2018 is off to a very bad start for Intel after the disclosure of a flaw deep in the design of its processors, dubbed Meltdown. And while the company has publicly said the issue won’t affect consumers, they aren’t the ones who need to be worried.

The issue is found in how Intel processors work with page tables for handling virtual memory. It is believed that an exploit would be able to observe the content of privileged memory by exploiting a technique called speculative execution.

+RELATED: Meltdown and Spectre exploits: Cutting through the FUD; Red Hat responds to the Intel processor flaw+

Speculative execution exploit

Speculative execution is a part of a methodology called out-of-order execution (OOE), where basically the CPU makes an educated guess on what will happen next based on the data it has. It’s designed to speed up the CPU rather than burn up CPU cycles working its way through a process. It’s all meant to make the CPU as efficient as possible.

Intel has been mum on how long the problem has been around, but it’s believed to date back to its move to 64-bit processors and the Penryn/Merom family of processors in 2006. Intel was first informed of the problem back in June 2017 by Google researchers, and Google kept quiet about it while Intel and the OS vendors addressed the problem. Google has since published its findings.

How to fix the speculative execution flaw

All told, there are three variants of the problem, all of them unique to how Intel handles speculative execution, and all three can be fixed — but only through the operating system. These errors are baked into the silicon. There is no replacing them — no BIOS update that will fix it. Only an OS fix will work.

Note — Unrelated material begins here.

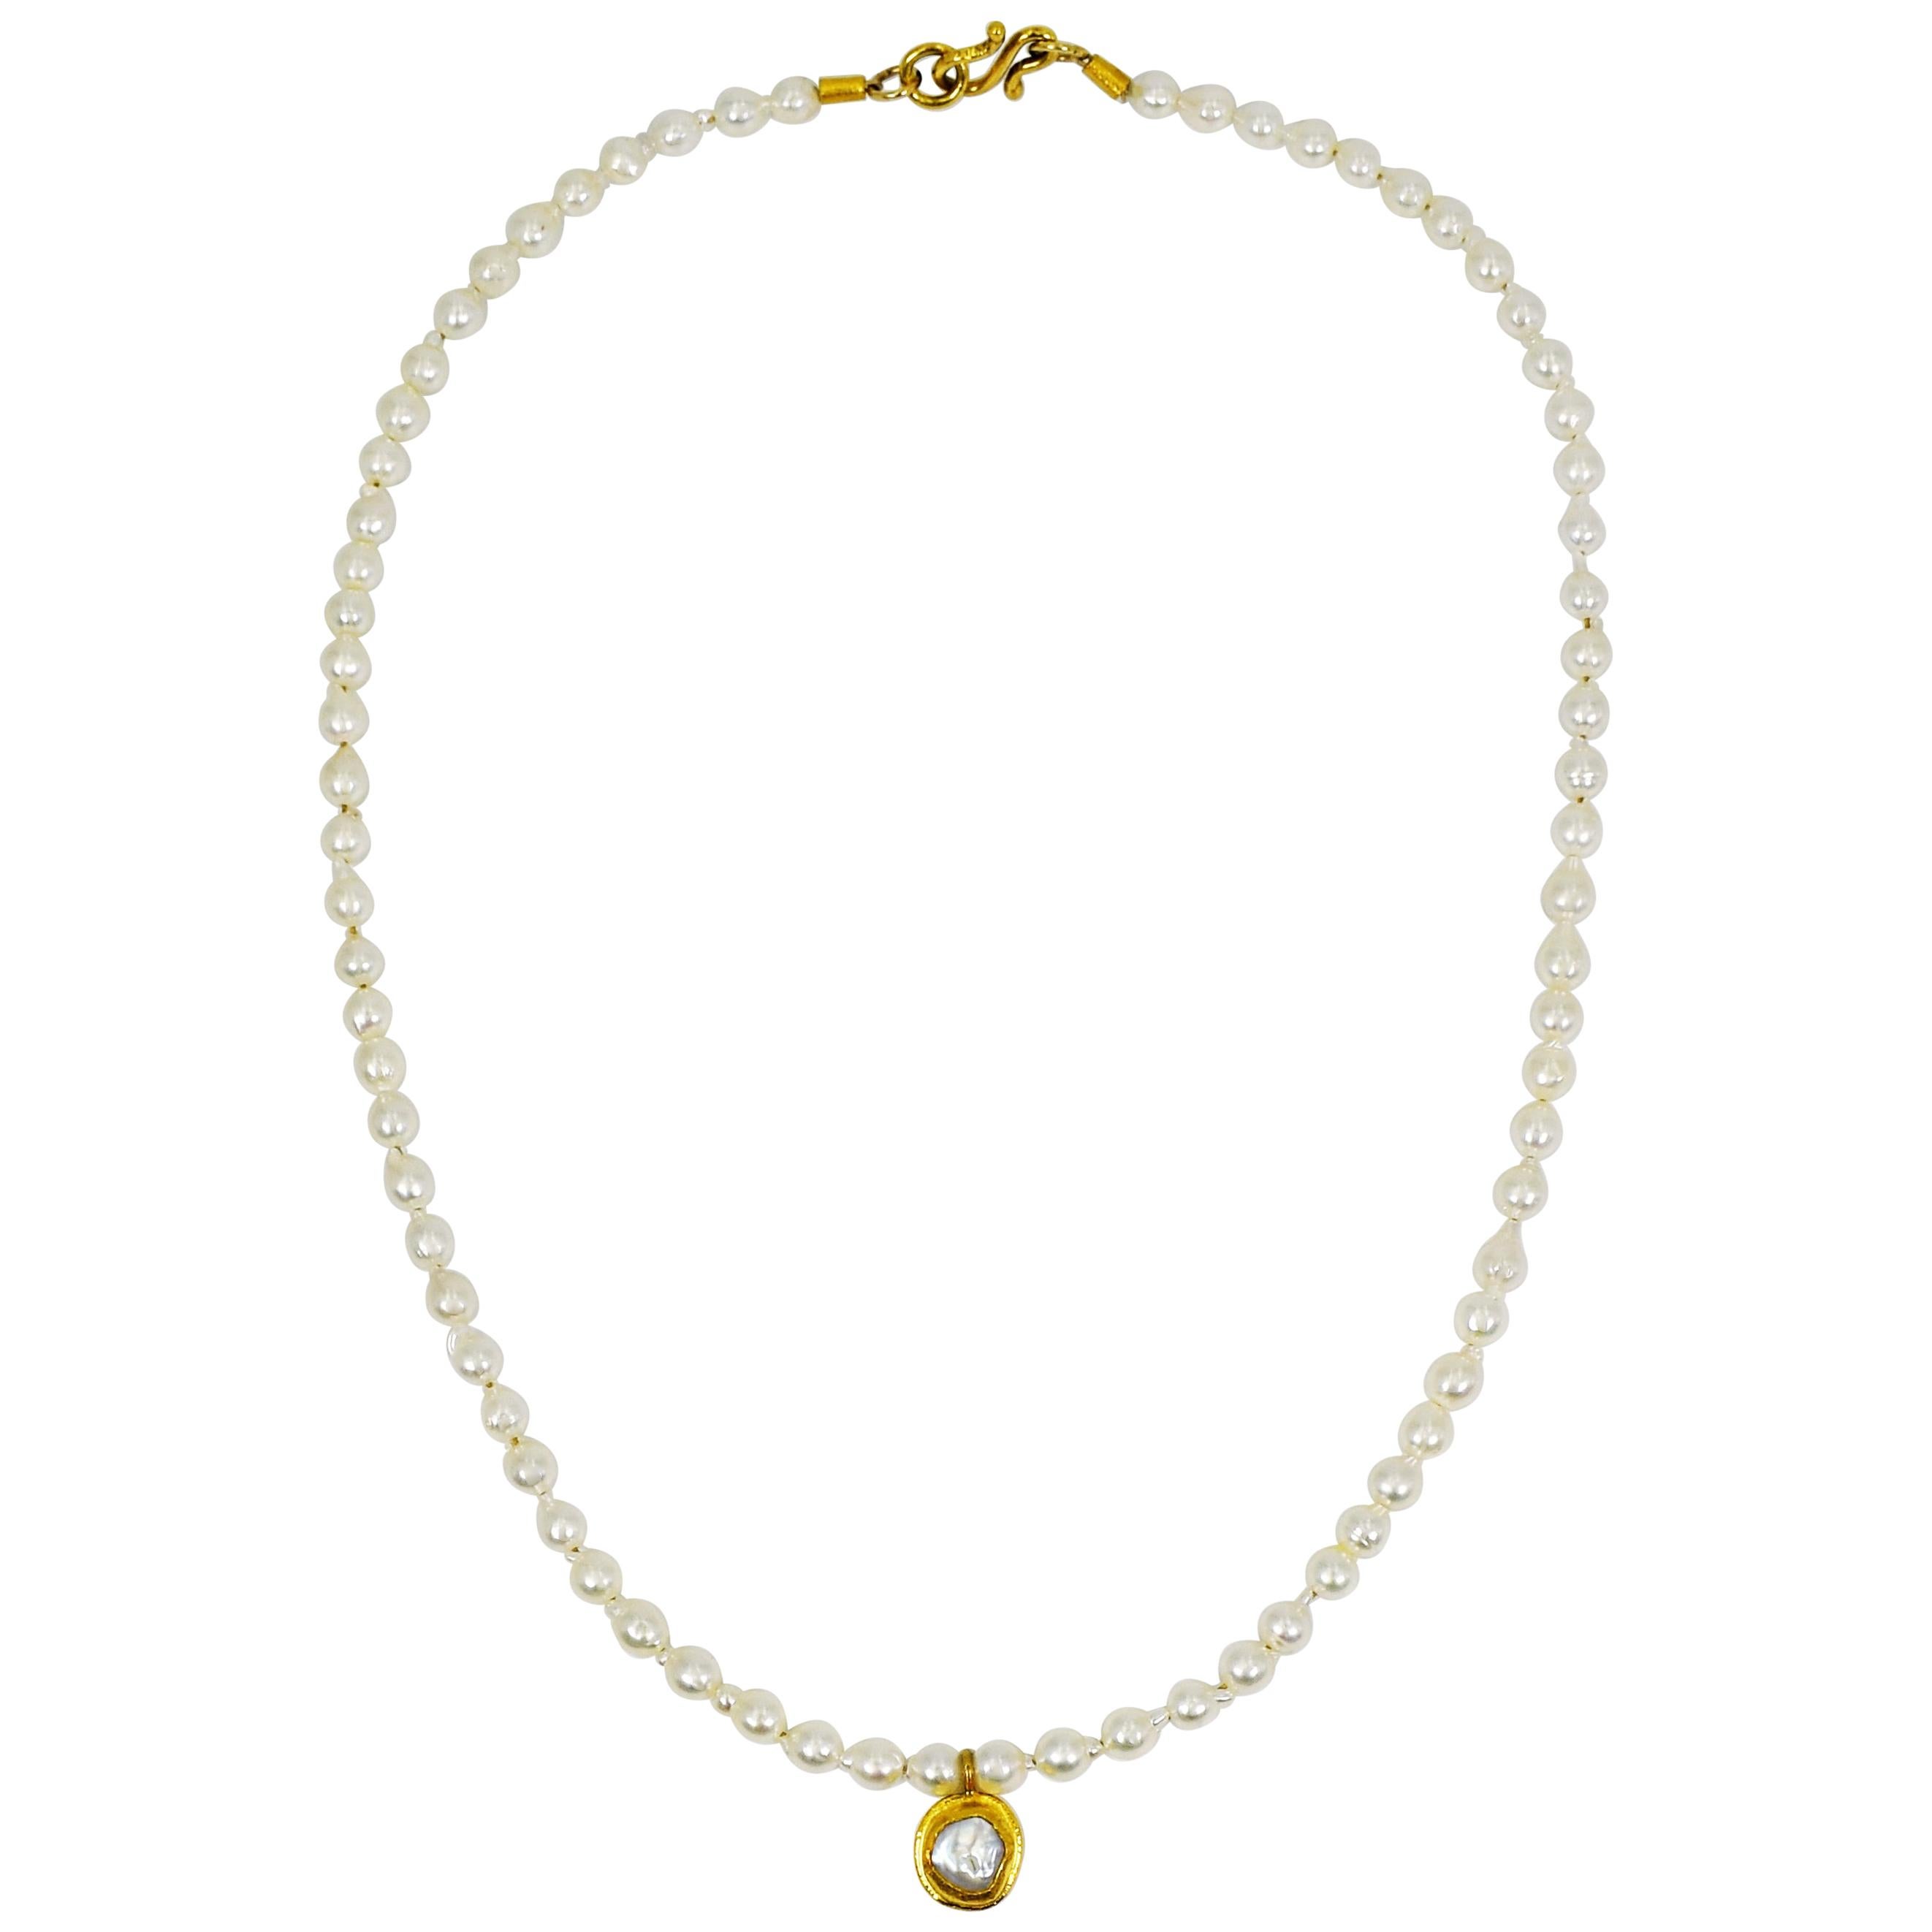 Anhänger aus Süßwasserperlen und 22-karätigem Gelbgold an einer zierlichen, weißen Perlenkette. Die Halskette ist 16 Zoll lang und mit einem 22-karätigen Goldhakenverschluss versehen. Zeitgemäßes, zartes Update des zeitlosen, eleganten Stils von

Linux distros are already rolling out fixes, and Microsoft is expected to introduce one in a future Patch Tuesday fix.

This can only be fixed with a rearchitecting of the CPUs. How long that can take is open to debate. Jim McGregor of Tirias Research said a design fix could add six to nine months to Intel’s roadmap, while Nathan Brookwood of Insight64 says two to four years. Intel was informed last June, but it’s unclear if it was able to institute changes into chips on its 2018 roadmap.

Normally, the OS kernel and apps share address space in memory to optimize performance when the app makes OS calls. They have to switch page tables whenever an app calls the kernel and returns data. The solution is to preclude an app from sharing the kernel memory space. That’s going to add a lot of overhead to every OS call. The fix means the kernel has to be loaded into memory and the app unloaded — and then vice versa.

The worst part is that this has to happen whenever there is an interrupt. What causes an interrupt? Well, let’s start with I/O, like a disk read or write or network connections. Now, instead of keeping the OS kernel and app in memory, CPUs are going to load and unload one or the other. It will happen at CPU speeds, which is to say exceptionally fast, but it’s still going to impact performance.

It also impacts any scenarios where the OS and an app talk to each other. Can you think of a more intensive situation than a virtualized server running dozens of VMs, each with its own OS instance, talking to the hardware through the hypervisor? Virtualization is going to be hit the hardest by this.

How performance is impacted

How much impact? The Register estimates anywhere from 5 percent to 30 percent, depending on the task, while an open source site called Phoronix ran tests of patched Linux systems and put the hit at between 7 percent and 20 percent for things like databases, but virtually no impact at all on games. One analyst told me of anecdotal stories of Amazon Web Services (AWS) slowing down in the past week as the fixes are rolled out, but I can’t find anything to back that up.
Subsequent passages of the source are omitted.